We have a serious problem to use NFS v4 with recent openSUSE versions.
Provided that I have write permission to the directory I touch, I can do
the following for getting a stale file handle:

> touch ..
> ls
ls: cannot open directory .: Stale NFS file handle

This makes the filesystem quite unusable, as anything which touches a
directory above (like writing a file) can stop an application.
If I leave the directory and cd into it again, it content is listable.
>From our computing center that the server runs I got the information
that it is NetApp ONTAP 7.3.6P4.
I observed the problem here with openSUSE-11.4 (kernel: 2.6.37.6-0.20-desktop),
openSUSE-12.1 (kernel: 3.4.4-1-desktop), openSUSE-12.2 (kernel: 3.4.6-2.10-desktop)
and all x86_64 architecture but _not_ with openSUSE-11.3 (kernel: 2.6.34.10-0.6-desktop).
We use NFSv4 without encryption and userdata from NIS.
I'm looking for suggestions to resolve this problem.


Best regards, David

--
David Werner
Universitaet Stuttgart
Institut f?r Wasser- und Umweltsystemmodellierung
Lehrstuhl fuer Hydromechanik & Hydrosystemmodellierung
Pfaffenwaldring 61 ** 70569 Stuttgart
Tel.: ++49-711-685 67010 ** Fax: ++49-711-685 60430
[email protected]
http://www.hydrosys.uni-stuttgart.de/


2012-10-09 15:10:01

by David Werner

[permalink] [raw]
Subject: Re: Problem with NFSv4 (server: NetApp-Filer, client openSUSE-11.4, 12.1 and 12.2)

Hi Emmanuel,

Mount shows the following options which resulted from "defaults,_netdev"
in fstab:

rus4iws.rus.uni-stuttgart.de:/vol/rus4iws_data0/ on /home type nfs4
(rw,relatime,vers=4.0,rsize=65536,wsize=65536,namlen=255,hard,proto=tcp,port=0,timeo=600,retrans=2,sec=sys,clientaddr=129.69.98.101,local_lock=none,addr=129.69.201.103,_netdev)
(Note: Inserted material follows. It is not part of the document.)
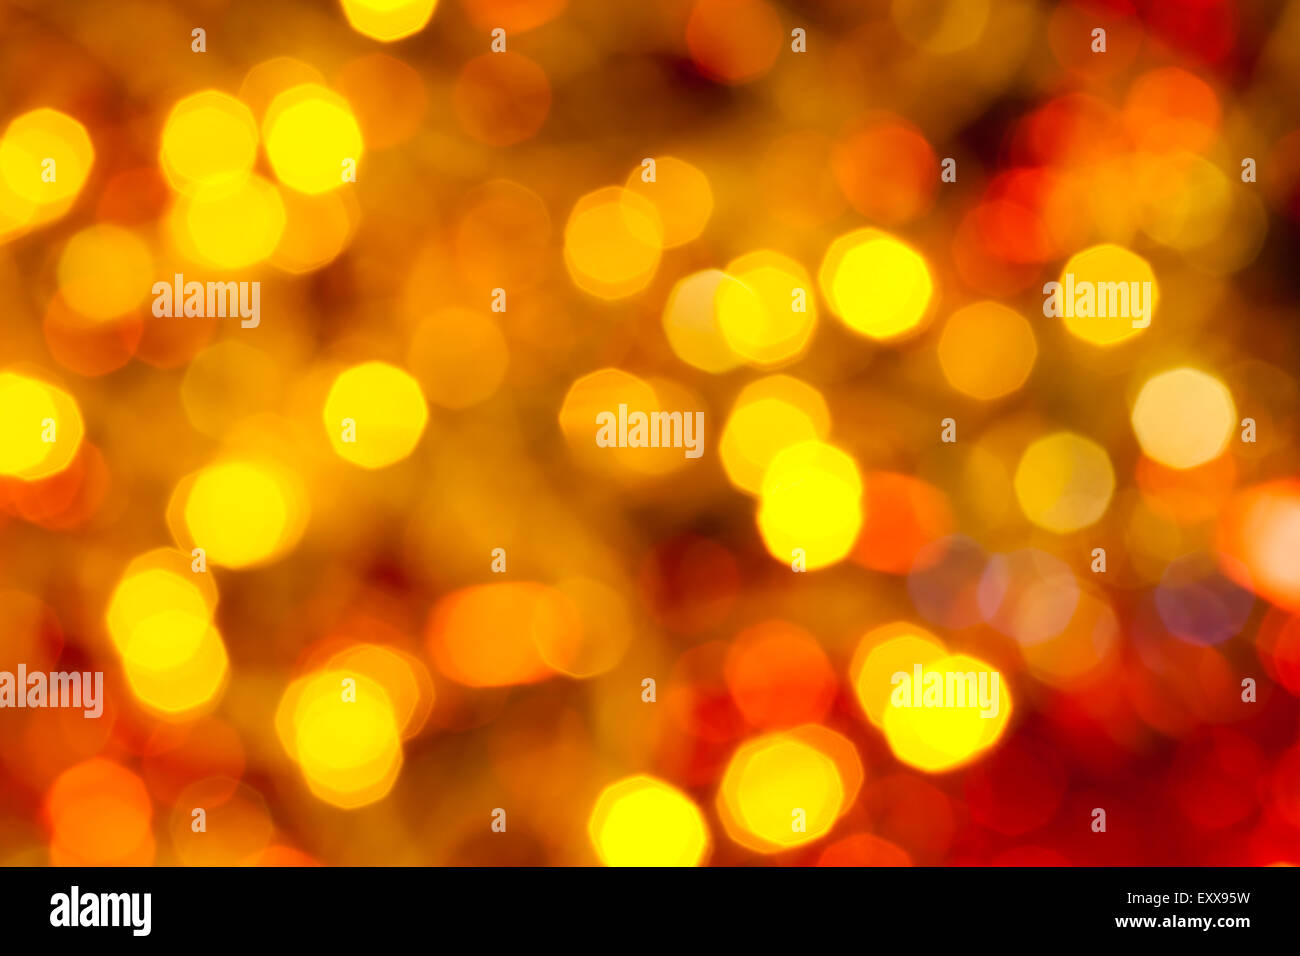 Abstract sfondo sfocato - di colore giallo scuro e rosso lo sfarfallio delle luci di Natale di le ghirlande elettriche su albero di Natale Foto Stock

I now also tried with "noac" and without _netdev (where I forgot its meaning .. I think it was a recommendation to cirumvent some systemd boot problem)
like the following:

rus4iws.rus.uni-stuttgart.de:/vol/rus4iws_data0/ on /home type nfs4
(rw,relatime,sync,vers=4.0,rsize=65536,wsize=65536,namlen=255,acregmin=0,acregmax=0,acdirmin=0,acdirmax=0,hard,noac,proto=tcp,port=0,timeo=600,retrans=2,sec=sys,clientaddr=129.69.98.101,local_lock=none,addr=129.69.201.103)

But it did not resolve anything.

Best regards,
David

2012-10-09 19:27:27

by David Werner

[permalink] [raw]
Subject: Re: Problem with NFSv4 (server: NetApp-Filer, client openSUSE-11.4, 12.1 and 12.2)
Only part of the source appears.